Книга Подсолнухи - Василий Егорович Афонин
Шрифт:
Интервал:
Закладка:
Но однажды проснется Алена, будто кто-то назовет ее имя, задолго до утра апрельской ночью и услышит, как мягко толкается в сосновые стены избы влажный ветер, услышит, как тонко-тонко вызванивает под ветром продольный глазок окна, потому что отвалилась сухая замазка, прижимающая стекло к раме; услышит капель — каплями истекают сосульки, капли капают с крыши, с тесин, пробив в снегу глубокие лунки. Алена подойдет к форточке, встанет на табурет, выглянет на улицу, вдыхая пресноватый запах тающего в ночи, ноздреватого уже снега, почувствует едва ощутимый горьковатый запах оттаявшей уже черемуховой коры; ветки черемухи мокрые, и с них тоже капает. Капает с крыши сарая, сеней, бани. Кап, кап…
Прямо на рубашку надев фуфайку, непокрытая, в тапочках, выйдет она на крыльцо и, запахнувшись, сунув руки в рукава, прислонясь плечом к столбцу, поддерживающему навес, долго, пока не озябнут колени, будет стоять, оглядываясь, вслушиваясь в полную звуков апрельскую ночь, да уже и не ночь, а очень раннее утро. Во-он заалел край неба на восходе.
— Весна наступила, — улыбаясь шепотом говорит себе Алена. — Наконец-то. Теперь ее уже не остановить ничем. Весна-а, скоро птицы прилетят на Шегарку, скоро черемуха расцветет…

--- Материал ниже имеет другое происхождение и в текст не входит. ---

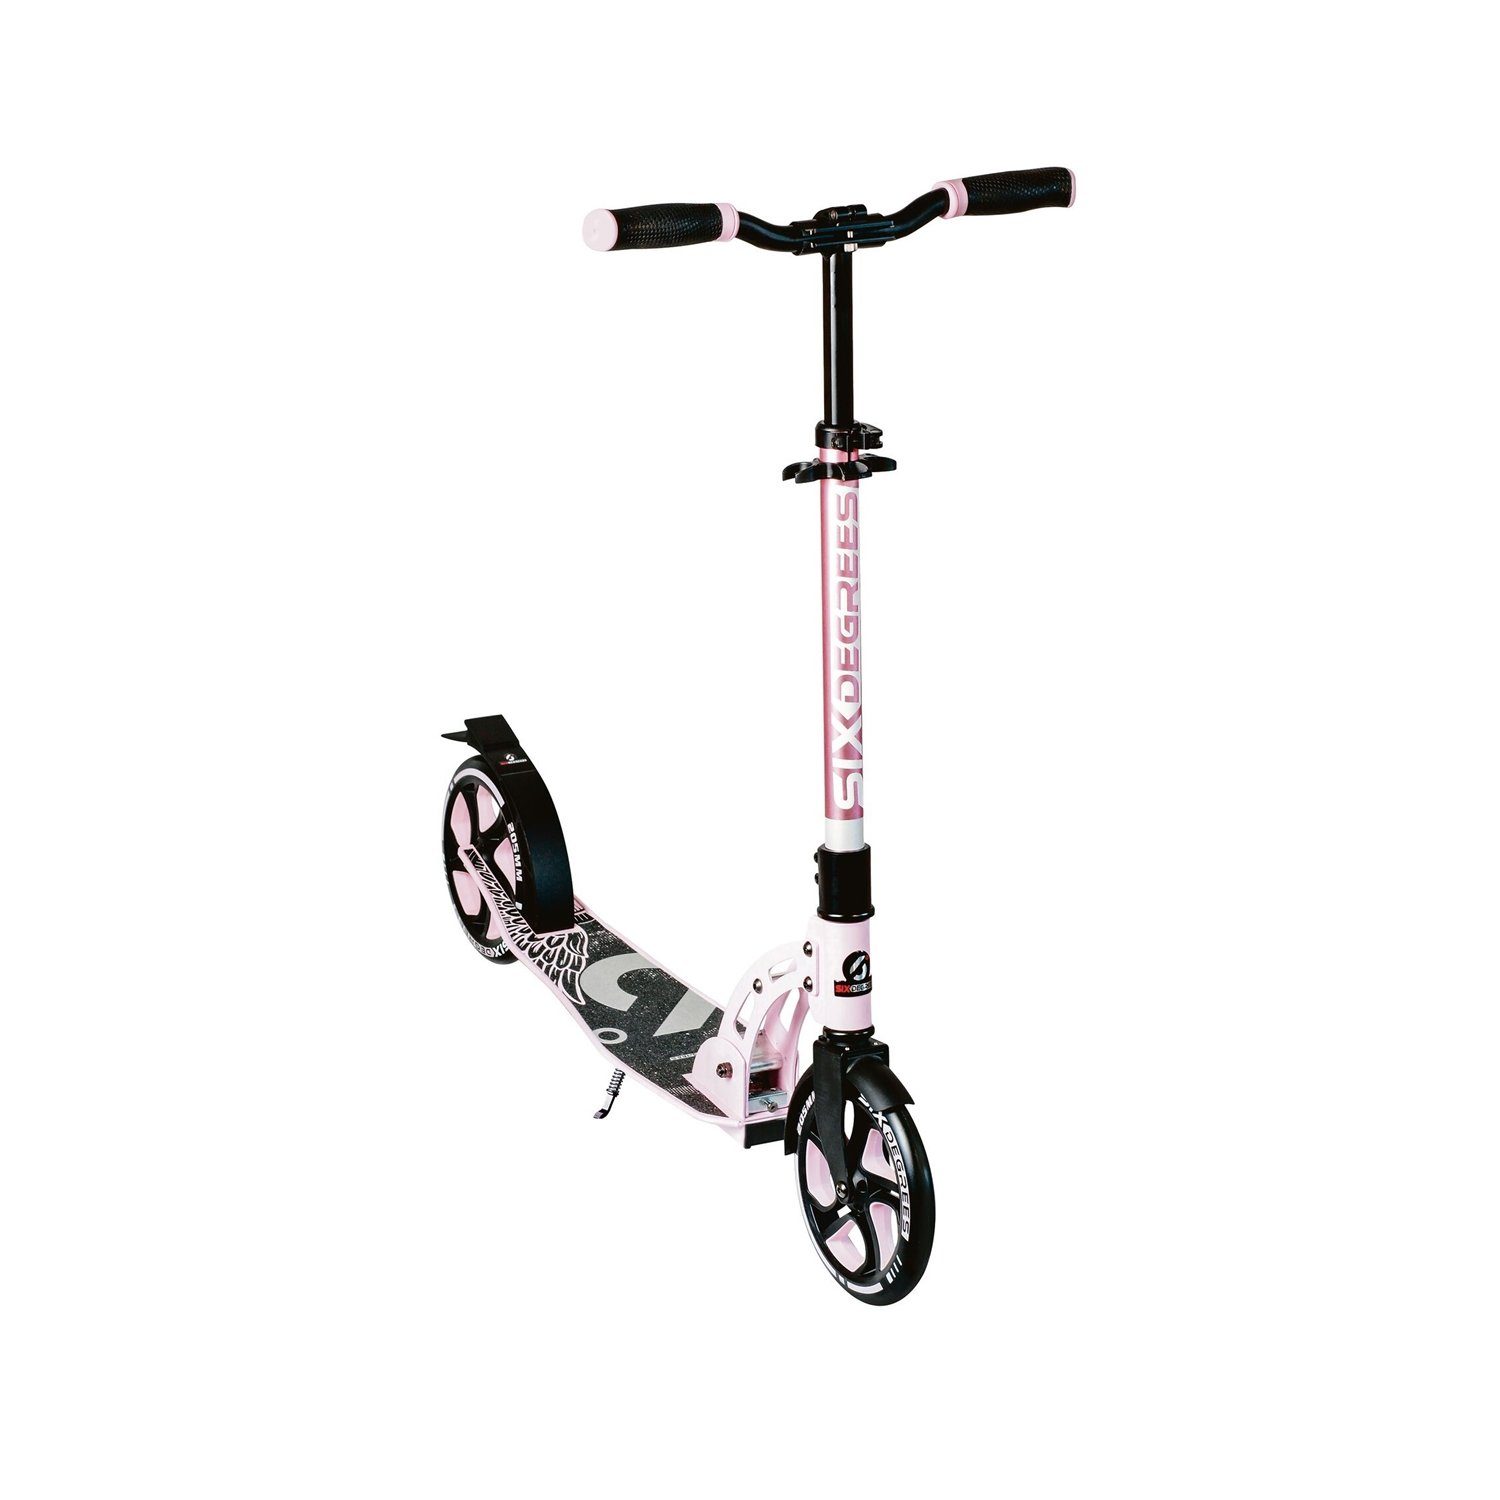 authentic sports & toys Scooter 569 SIX DEGREES Aluminium Scooter 205 mm pastell-pink

Ей хочется выйти на берег, на самую крутизну, и закричать во всю силу голоса, чтоб голос ее далеко был слышен окрест: «Эге-ге-ей, люди-и-и! Что же вы спите-е-е?! Вставайте, весна наступила! Хватит вам спа-а-ать! Весна наступила-а-а! Весна-а-а!»

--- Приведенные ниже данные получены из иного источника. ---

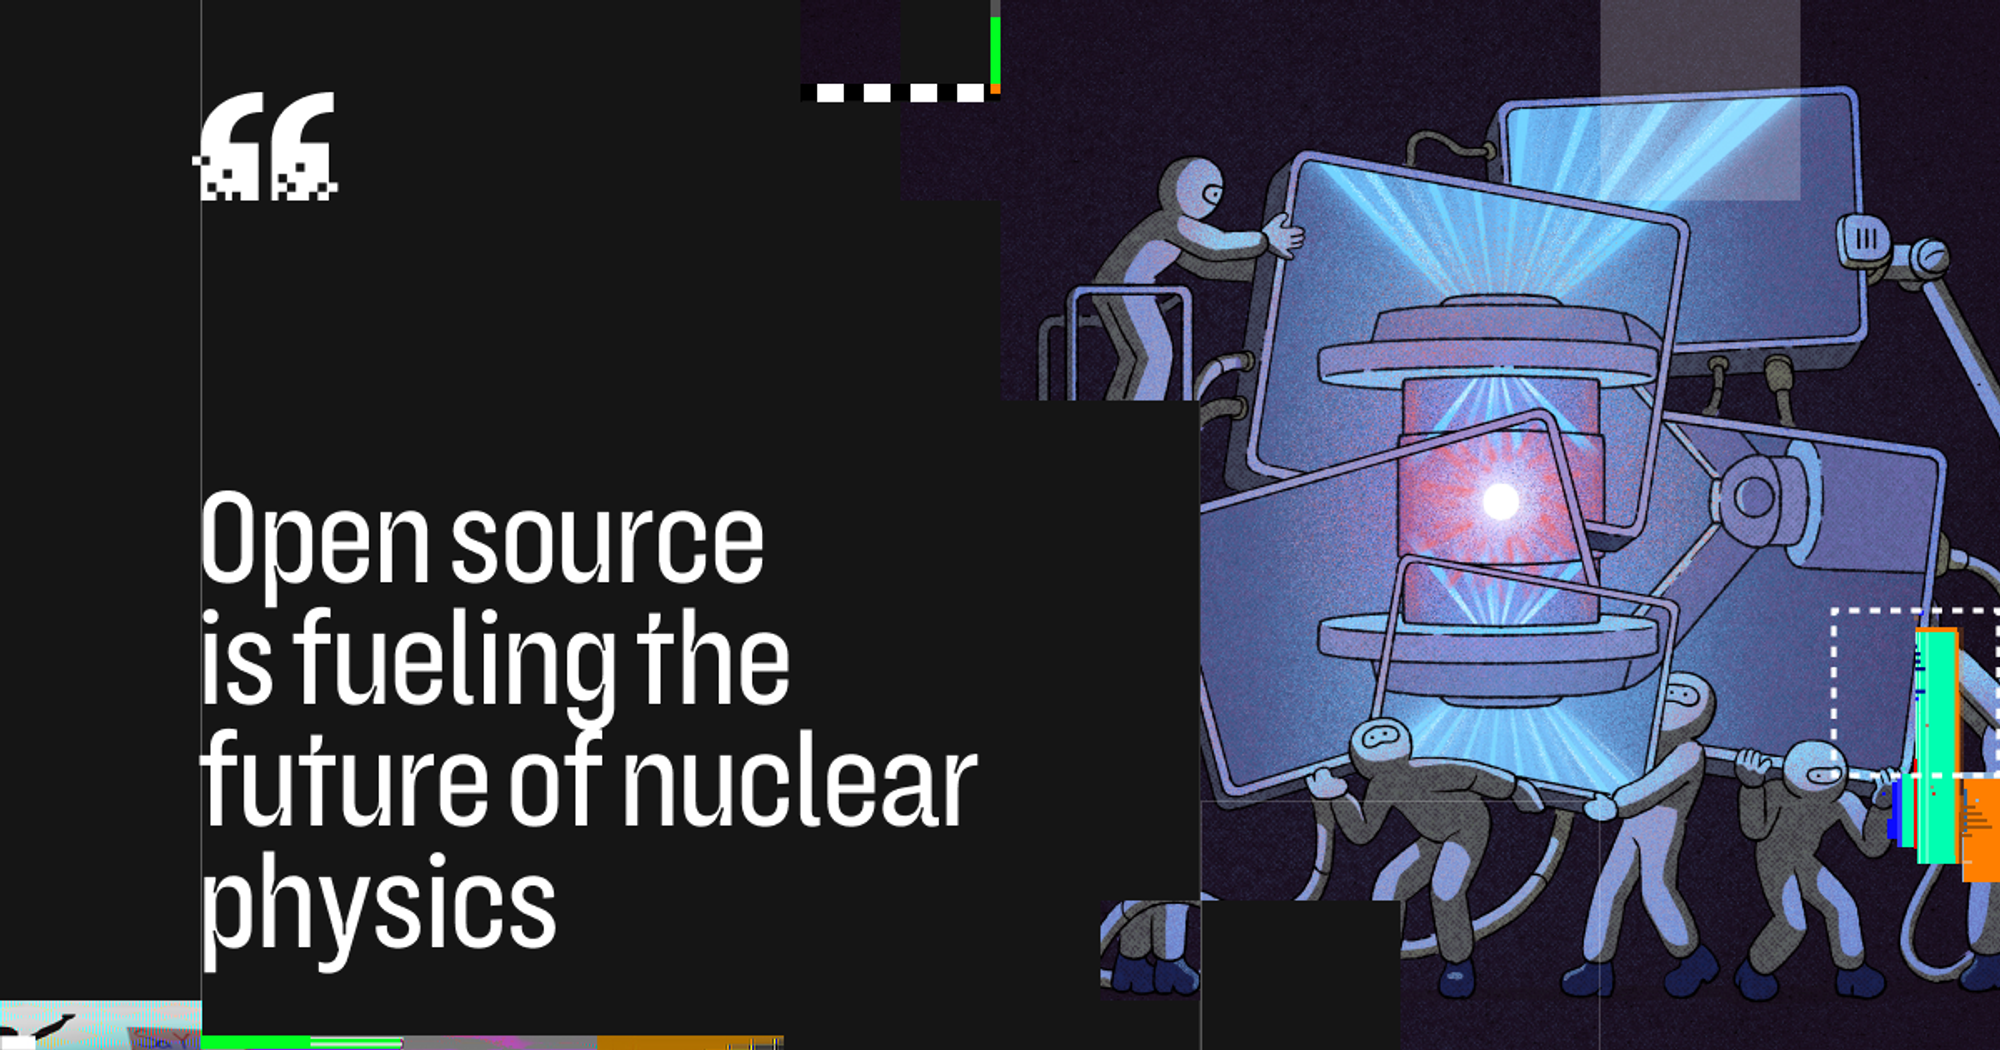 Open source is fueling the future of nuclear physics

Но она ничего этого не делает, возвращается в избу, не ложась уже, ходит босая по избе по половичкам, замечая в зыбкой темноте, как с минуты на минуту явственней проступают из темноты окна, начинается утро. Вспомнила вдруг, как приятно ей было талым мартовским деньком надеть вместо надоевших валенок сапоги, такие ловкие, легкие против валенок, без платка и шали в распахнутой фуфаечке радостно пробежаться к баньке с ведром в руке, оставляя на снеговой дорожке четкие отпечатки каблуков.
А птицы уже летели, подлетали к Шегарке. Гуси-лебеди, отдохнув ночь, подкормившись на вытаявших косаринских хлебных полосах, отправлялись далее на север, пролетит мимо и северная утка, а скворцы останутся, останутся и синицы, синие или лазоревые, как называют их по деревням. Возможно, те, что прошлым летом выводили и вывелись здесь, а может быть, и совсем другие, а те улетели в иные места — разве ж угадаешь их.
Выйдешь утром, а скворец — вот он, прилетел. Сидит на скворечне, голос пробует. Весь иссиня-черный, остроносый. Милая птица, знакомая с детства. А по проталине, склонив голову, подрагивая длинным хвостом, выискивая что-то в прошлогодней траве, ходит синица, вся такая аккуратная, опрятная, что хочется взять ее в руки. А ласточек пока нет. Вдруг запуржит «на раннюю птицу», посыплет густо с небес снежная крупа, застонет под окнами ветер, взметая снег выше крыши, заполнит до жути мутью снежной все пространство от земли до неба — ничего не видать, ничего не слыхать. И хотя такое случается почти каждый год, а никак не привыкнешь. Заметет заново снегом проталины, полосы, огороды, озяблые птицы прячутся в затишье, и чем питаются тогда они — никто не знает. Жалко птиц. Но недолго держится выпавший снег, день-два — и опять солнце, капель, ручьи, птичьи голоса…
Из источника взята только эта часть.